Good morning Australia,
The journey continues with letter number eight, and there has been a brilliant response from people. Eight days in, I am wondering when I’ll get my first response from Mr Turnbull, if any. I’ve written to the Prime Minister before and have never received a response, but there are a few things about this project that make it different: it is not just my view, it represent the views of many Australians; and this matter has reached a point where it cannot be ignored, it is time for action. Even though what I’m doing is quite small, I hope that it will have an impact and help us achieve equality.
Today’s submission is from Karly Hillas, a law student and committed ally to the LGBTI community. Karly raises an argument that I didn’t even think to look at, the process followed to pass the Marriage Amendment Bill 2004. A bill, that the government itself describes as being done in “haste”.
Thank you Karly for adding you voice. Having people share this with me, makes me feel just a little less crazy and less like I’m yelling into the ether.
I am on the road a lot next week, so I’m hoping to be able to schedule submission right through to the end of next week. I’ve filled until Monday, but need another five submissions to get me to Saturday, make your submission to firstname.lastname@example.org.
Thank you and take care,
The Hon Malcolm Turnbull MP
CANBERRA ACT 2600
22 November 2016
#DearPM: Marriage Equality (8 of 30)
To the Hon Malcolm Turnbull MP,
One of the big challenges that many in the LGBTI community face is that while we advocate for our rights in the law, we are not always able to get down to understanding the legal history of the matter of equal access to marriage in Australia.
Luckily today’s submission is from Karly Hillas, a law student and ally to the LGBTI community. Karly highlights the catalyst that led to the Marriage Act amendment in 2004; people seeking equal rights recognition resulted in the government hastily changing of the law.
Karly makes a passionate and well-reasoned argument that we can all agree makes it clear that there should be a free vote on marriage equality, now.
Dear Prime Minister,
While doing some research on why the Marriage Act was amended in 2004 I read the following on the Parliament of Australia website:
“Marriage Amendment Bill 2004
This Bill has the following purposes:
- To formally define marriage in the Marriage Act 1961, and
- To ensure that same sex marriages are not recognised as marriage in Australia, inclusive of those performed under the laws of another country that permits such unions.

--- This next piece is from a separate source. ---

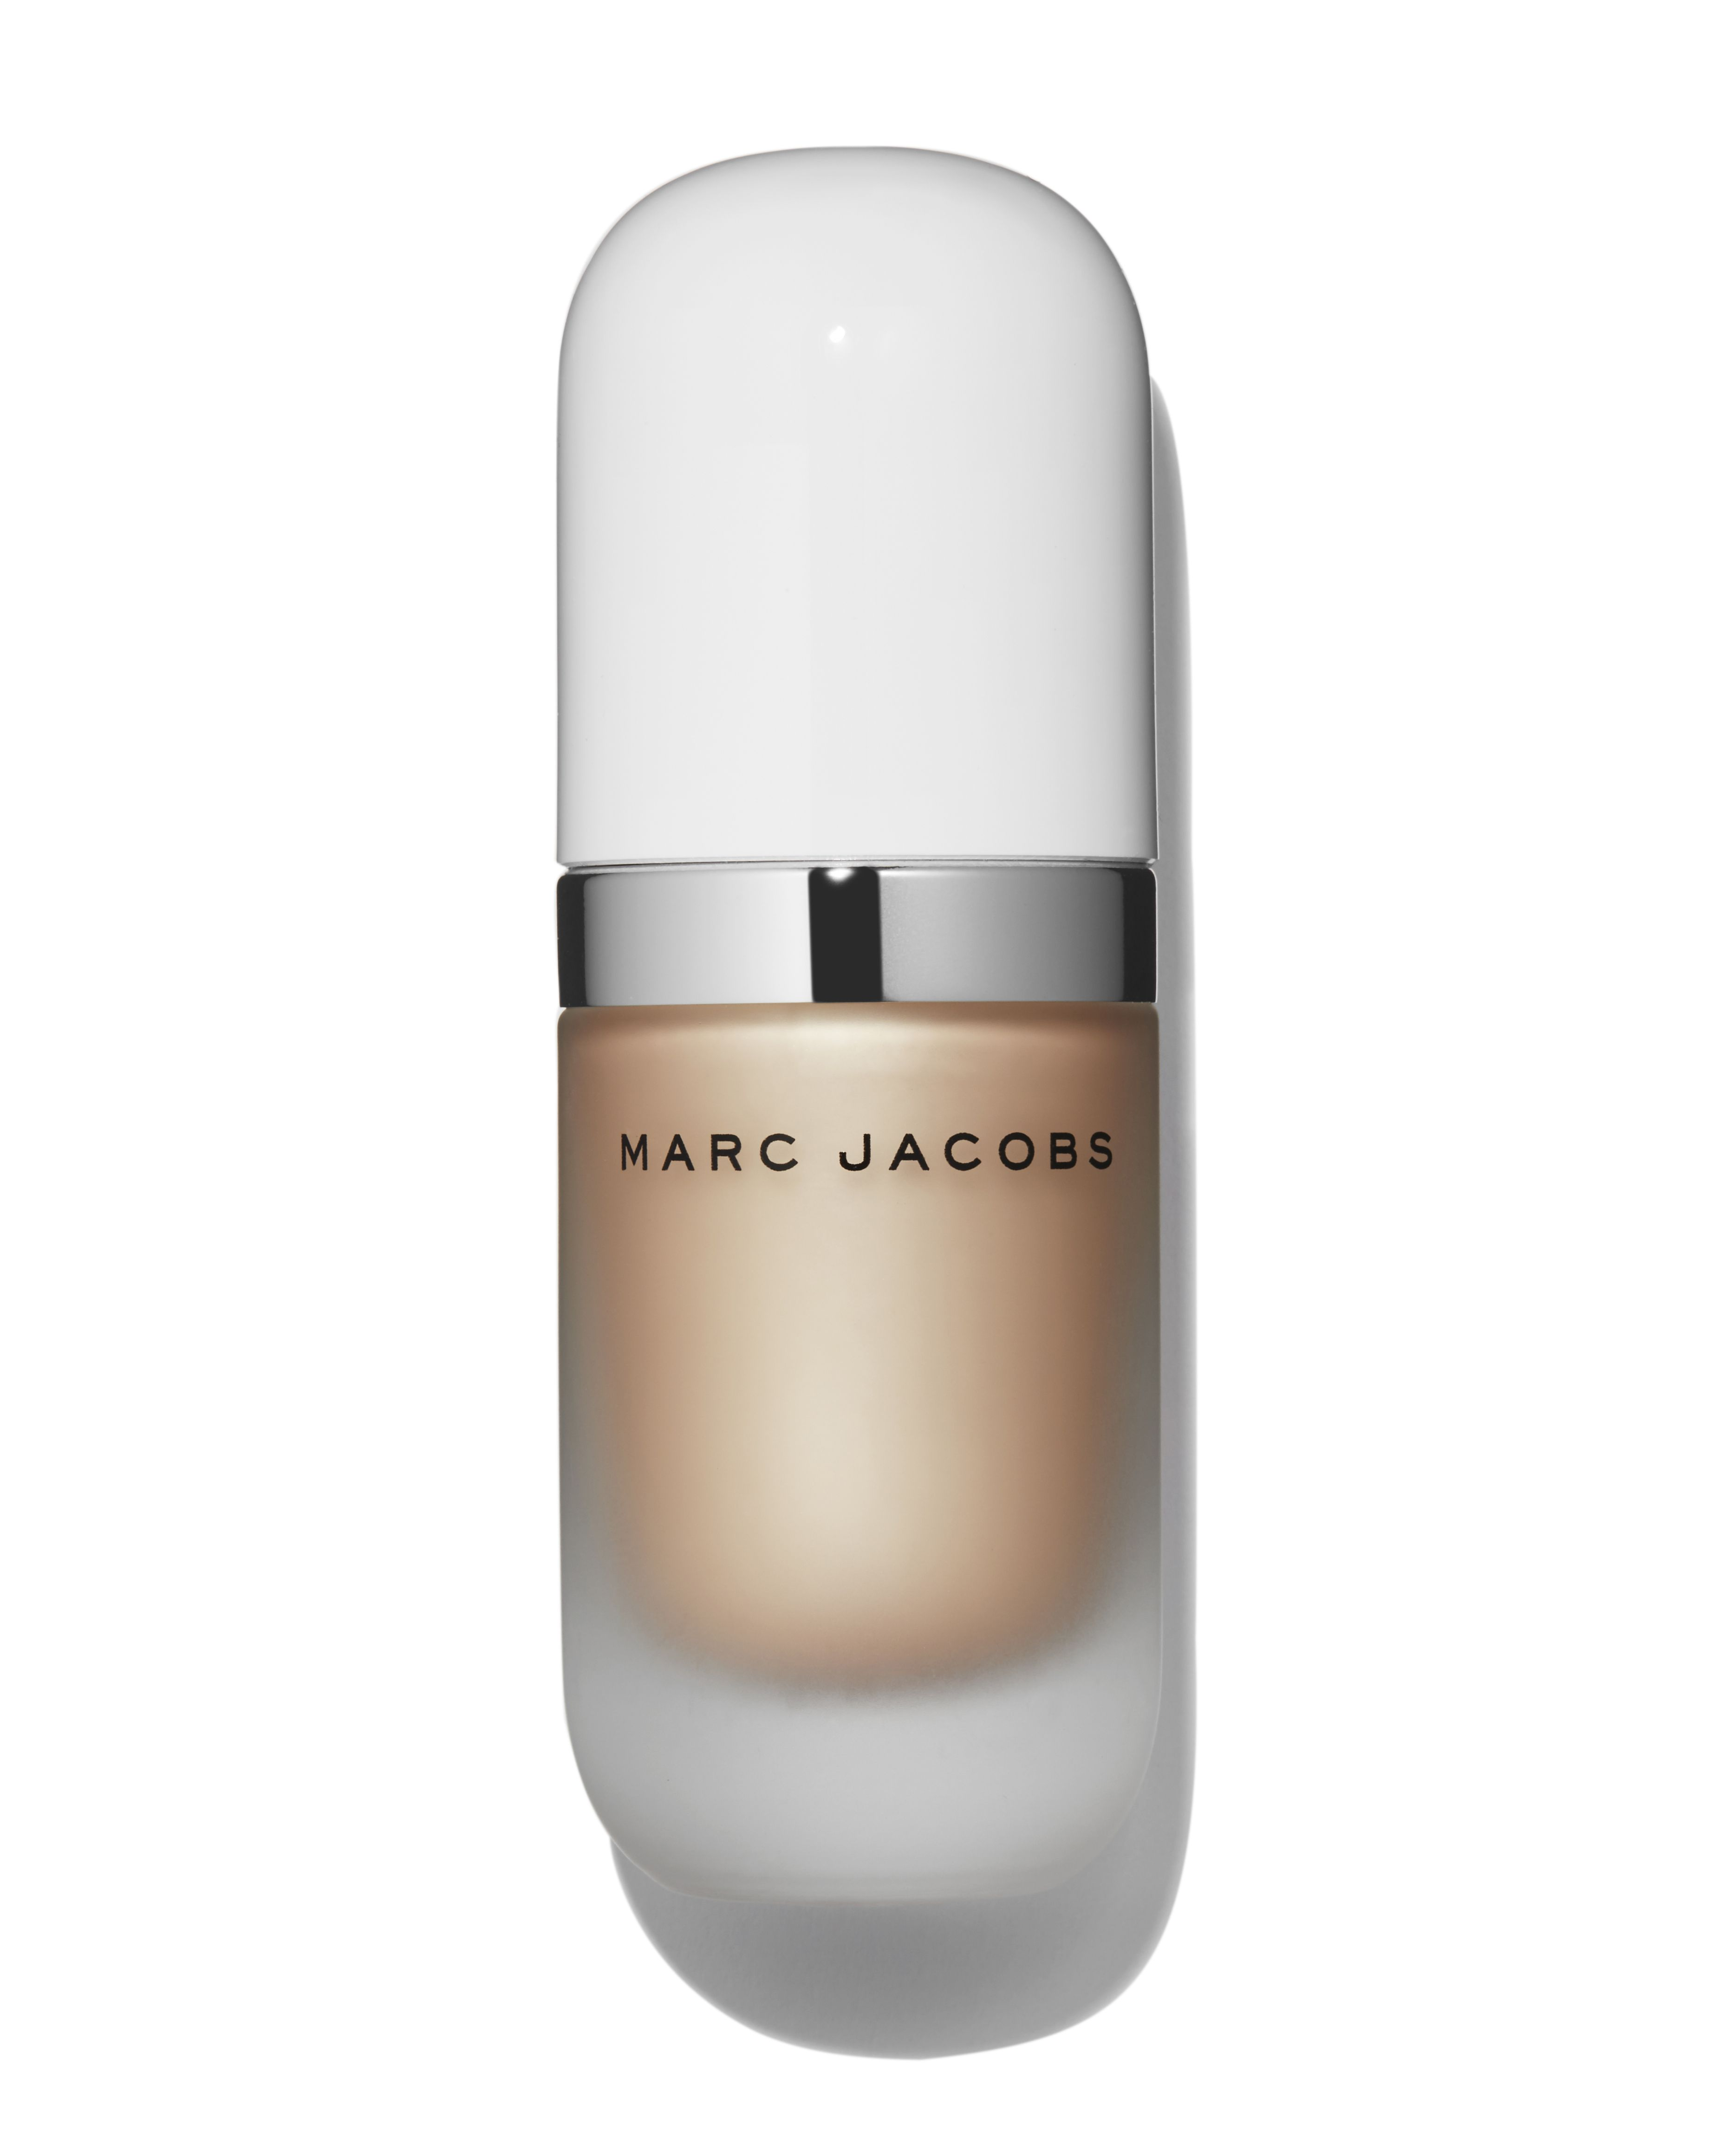 Marc Jacobs Coconut Gel Highlighter

The Governments haste to have the current Bill passed appears to be linked to two applications filed in court to have same sex marriages performed within the laws of another country recognised under Australian law.

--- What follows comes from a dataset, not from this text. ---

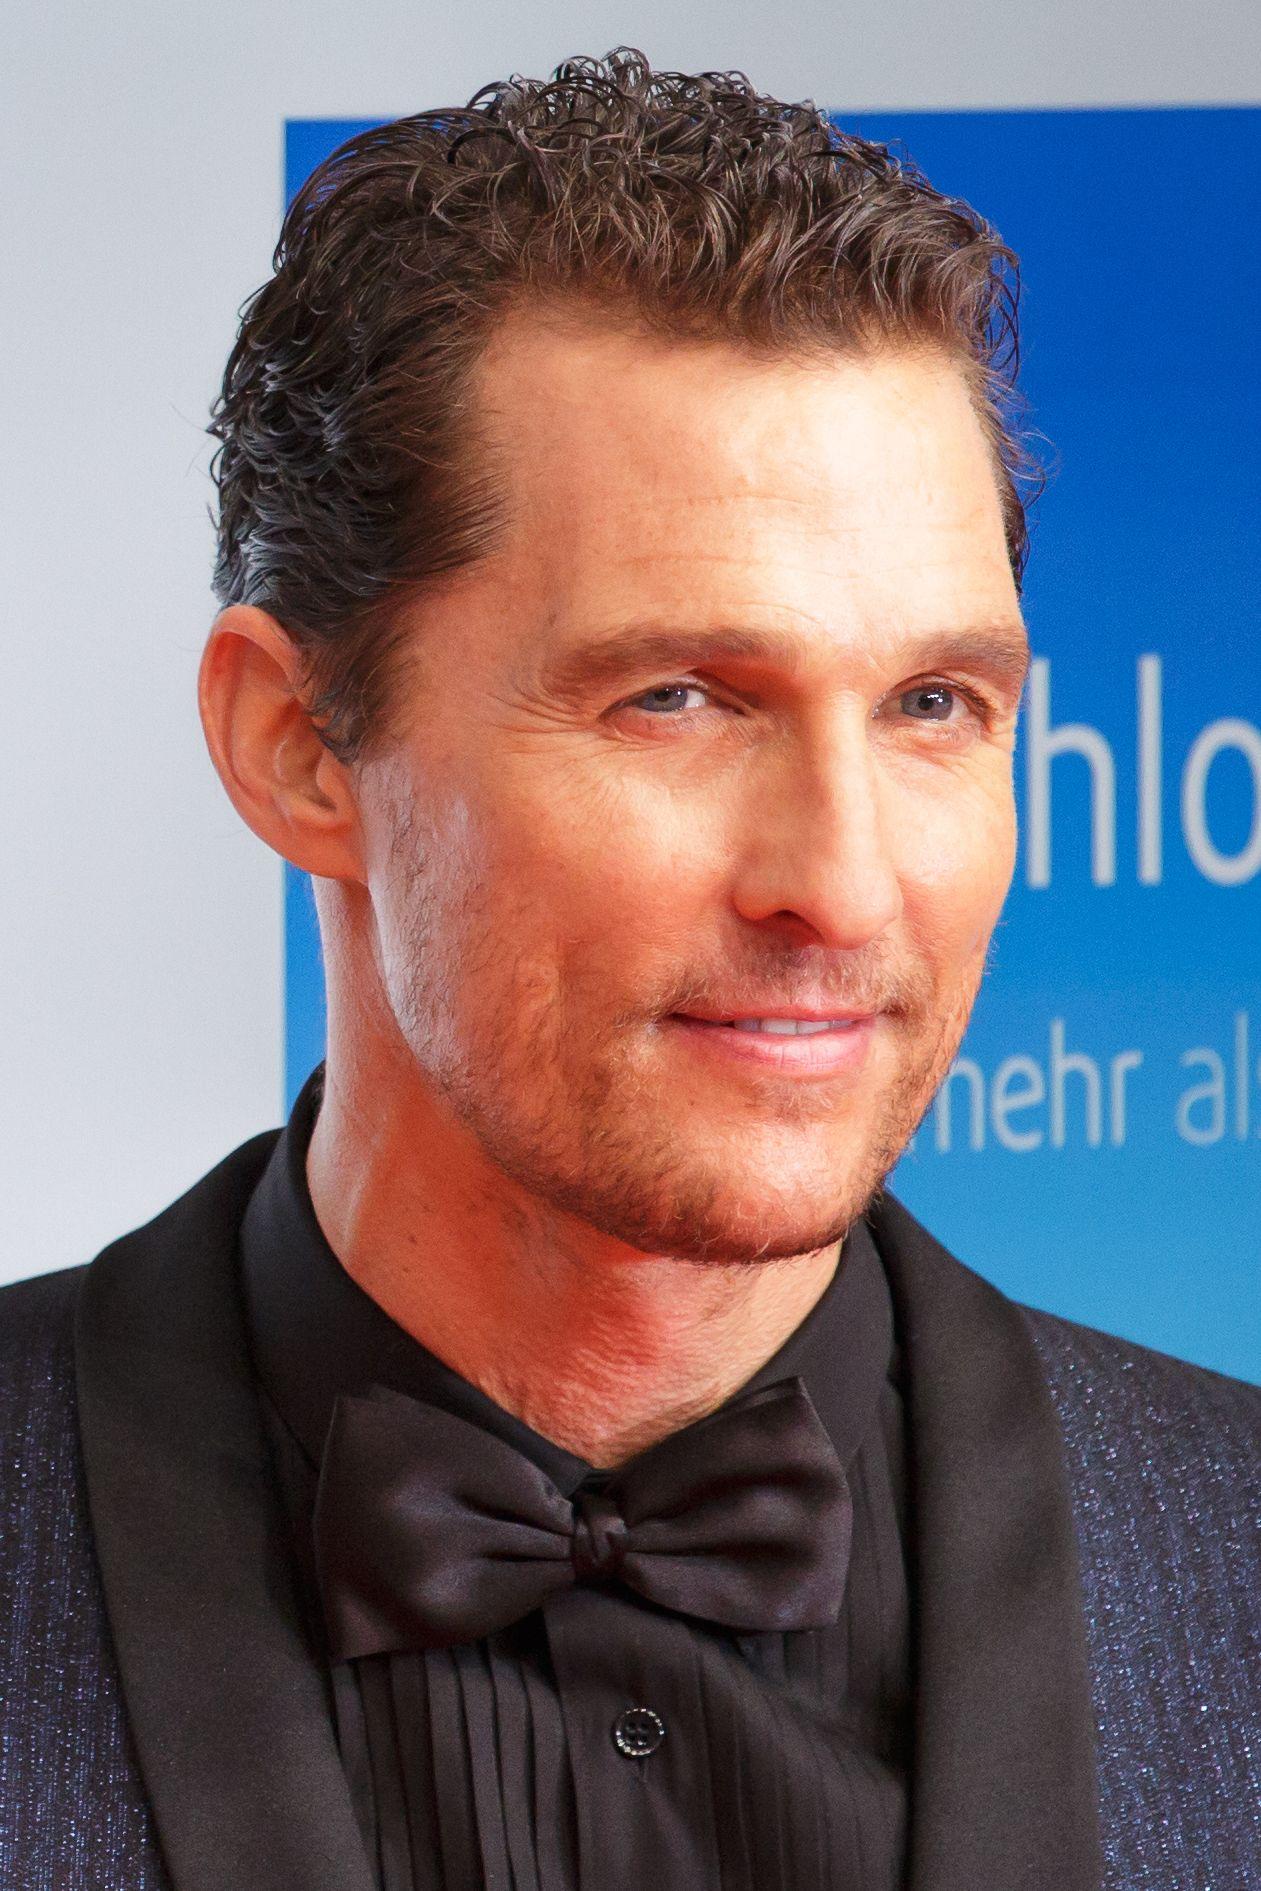 20. Matthew McConaughey – Revolving Doors

This Bill amends the Marriage Act 1961 to prevent the recognition of same-sex marriages in Australia, even where the marriage has been performed under the laws of another country which does recognise this type of union.
In addition the Government has also indicated that the need for Parliament to give its immediate attention to the current Bill is related to expressions of significant community concern about the possible erosion of the institution of marriage. It is the Attorney-General’s opinion that Parliaments quick action is needed to address these community concerns.”
OK – I get it.
The government freaked out in 2004 because it was not ready for potential ramifications which may be caused from the court applications.
I’m not going to judge the government on past actions. However, I am going to judge you now.
Australia as a nation has come a long way over the past few years. The world has changed.
I argue that since 2004 we have had a lot of time to digest exactly what marriage equality means and how this will affect us as a nation – and you know what? We are ready.
We are sooooo ready. We have spoken, tweeted, protested, debated, argued, facebooked, discussed, marched and shouted from the rooftops the fact that we are ready.
And do you know what the only thing preventing marriage equality is?
YOU Mr Prime Minister. Yes YOU!
I echo the above opinion from the Attorney-General “Parliaments quick action is needed to address these community concerns.”
So Mr Prime Minister – what are you going to do about it?
Karly Hillas, Victoria
Karly echoes the words of the then Attorney-General back in 2004 “Parliaments quick action is needed to address these community concerns.” With that in mind:
- What advice does the current Attorney-General have regarding the process followed in passing the Marriage Amendment Bill 2004, and why has the AG recommended a different process in order to legislate for marriage equality?
This is my eighth letter in a series calling for a free vote on marriage equality in the parliament, and in your current term. A free vote is the correct way to legislate for marriage equality. You could allow this to happen today.